» **Goal of the exercise**
Reproduce, from the lines below, exactly the stretch that begins at the line containing "Bike & Hike Banner" and ends at the line containing "Солнцезащитные очки Marmilen", both included.
Segment Start: Task inputs
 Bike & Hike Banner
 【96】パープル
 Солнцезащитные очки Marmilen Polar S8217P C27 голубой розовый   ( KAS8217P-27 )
Segment End: Task inputs
Segment Start: Task inputs
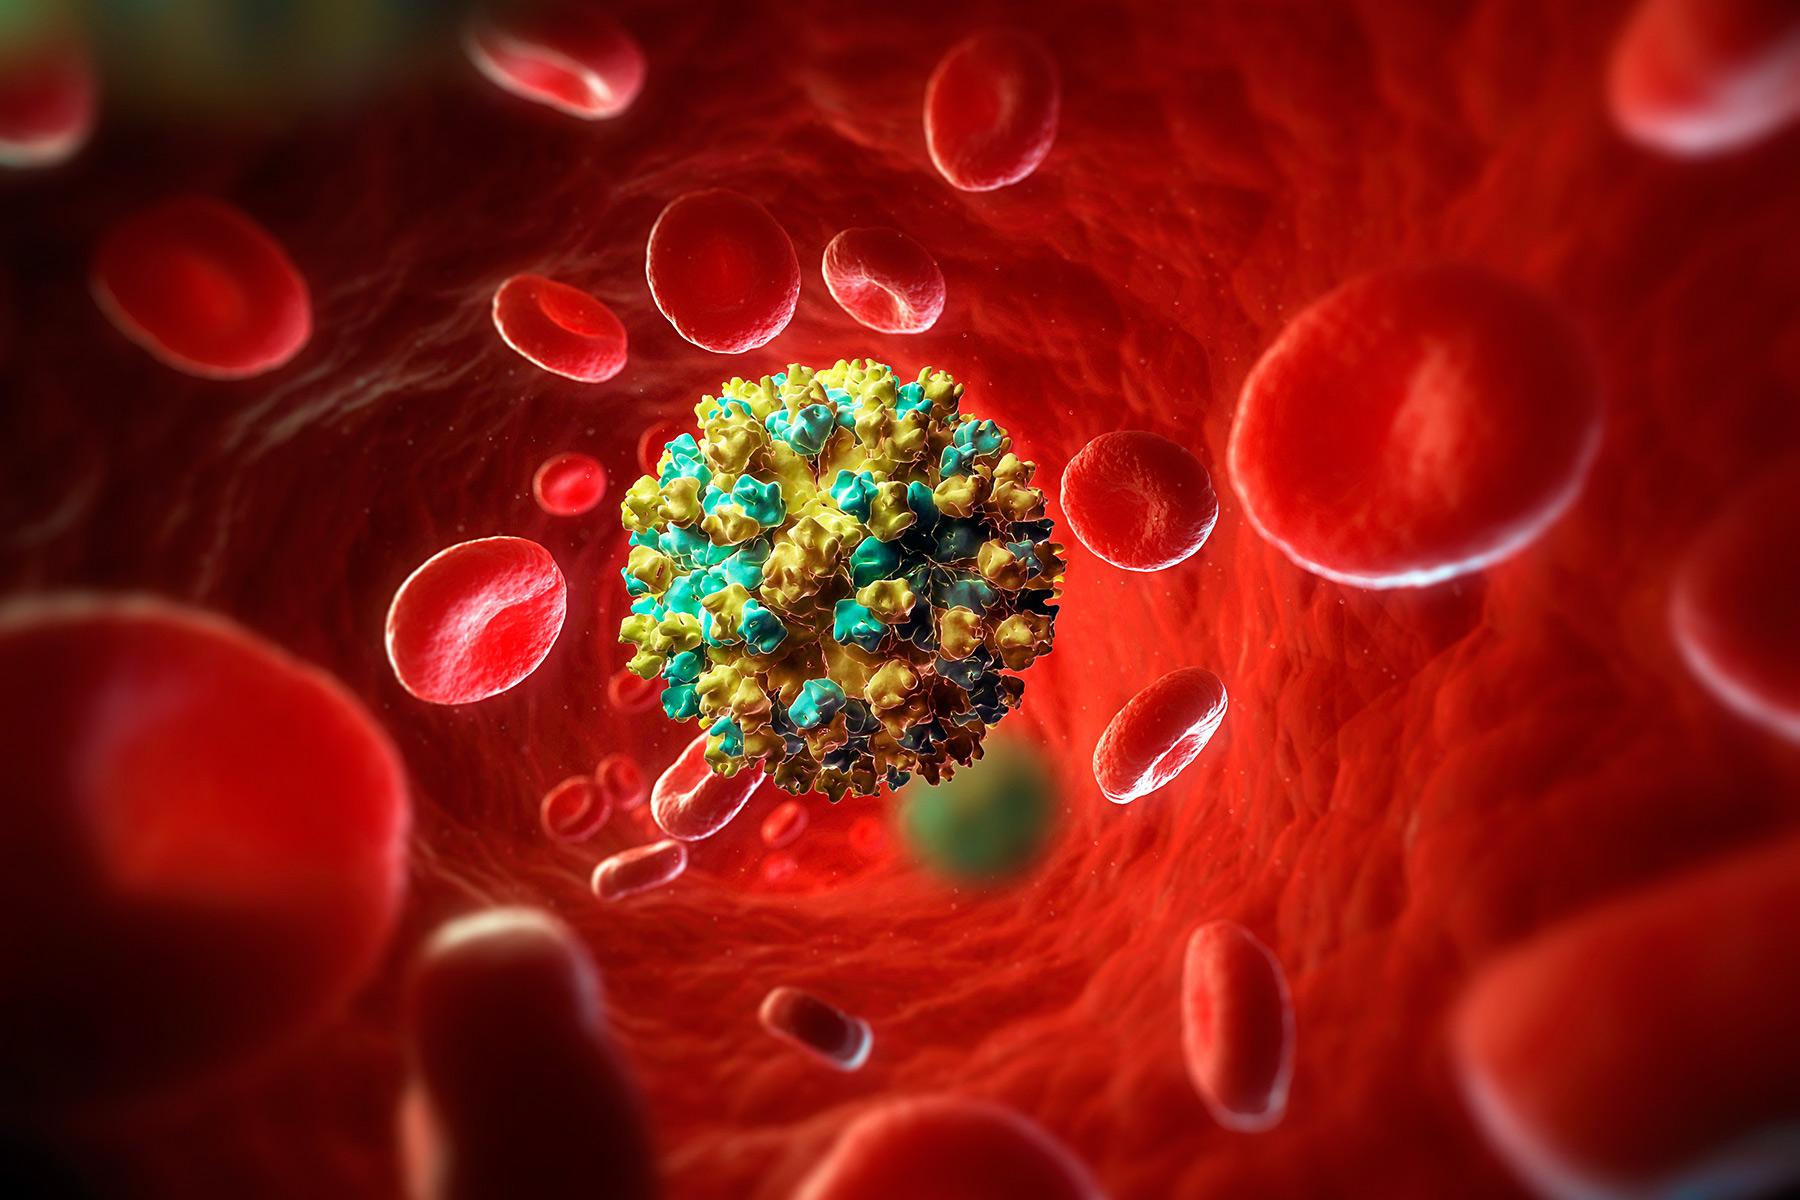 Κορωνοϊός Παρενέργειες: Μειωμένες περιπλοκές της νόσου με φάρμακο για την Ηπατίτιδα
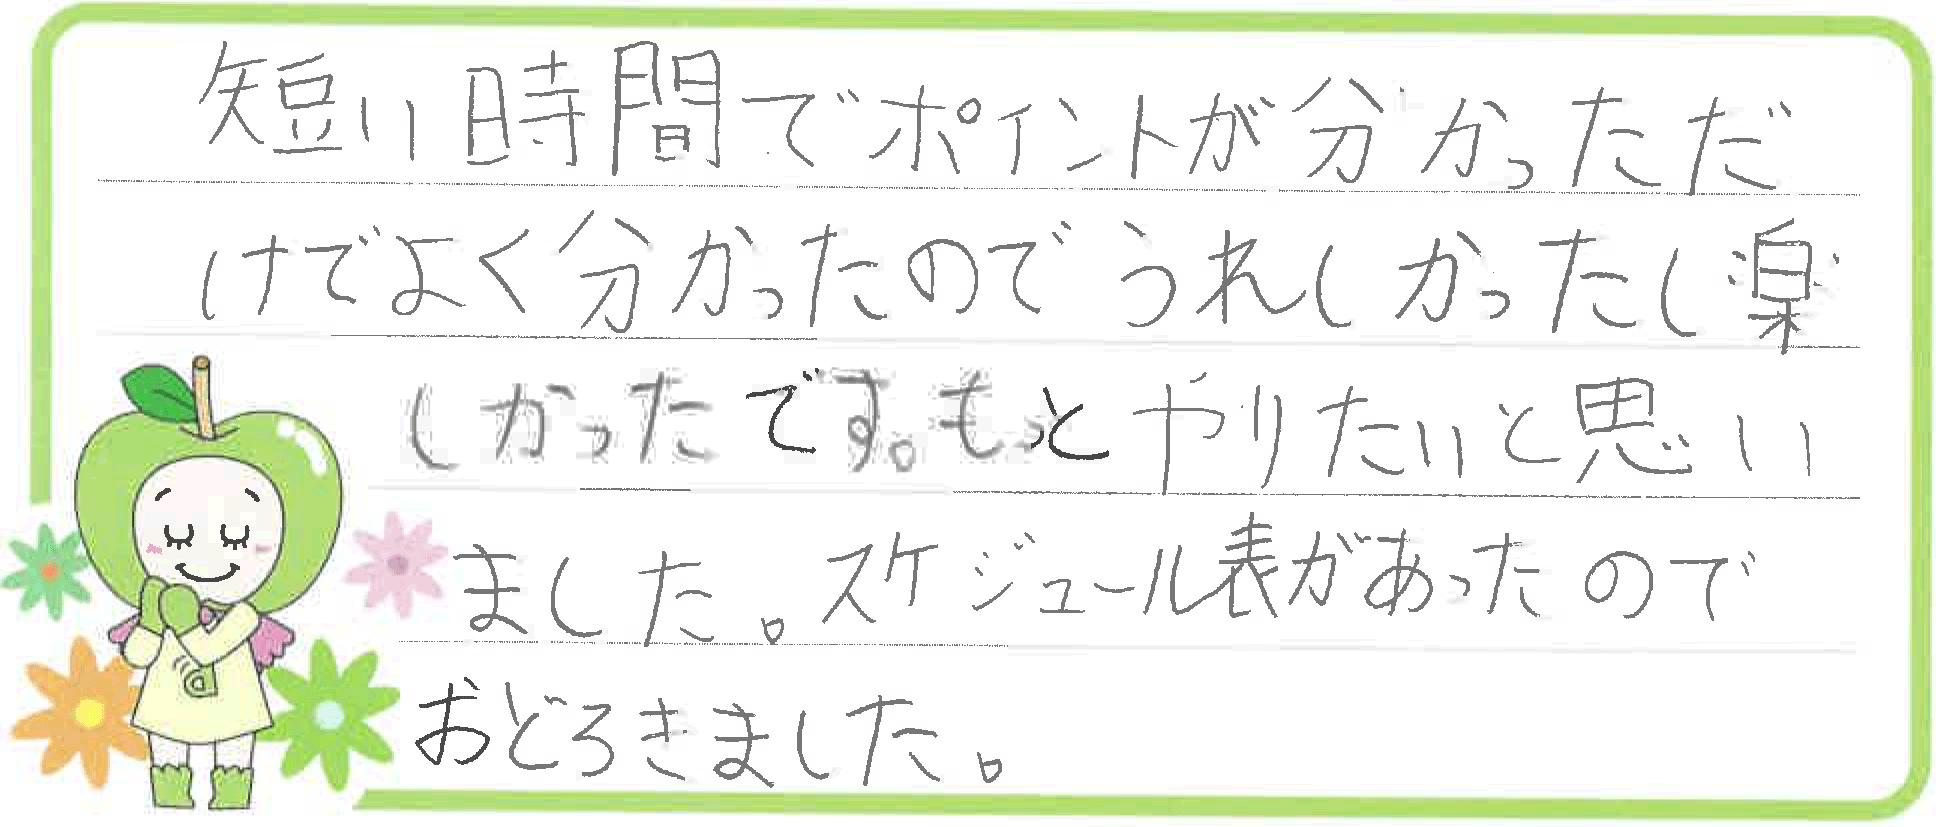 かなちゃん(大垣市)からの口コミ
Segment End: Task inputs
» **Output of the task**
 Bike & Hike Banner
 【96】パープル
 Солнцезащитные очки Marmilen Polar S8217P C27 голубой розовый   ( KAS8217P-27 )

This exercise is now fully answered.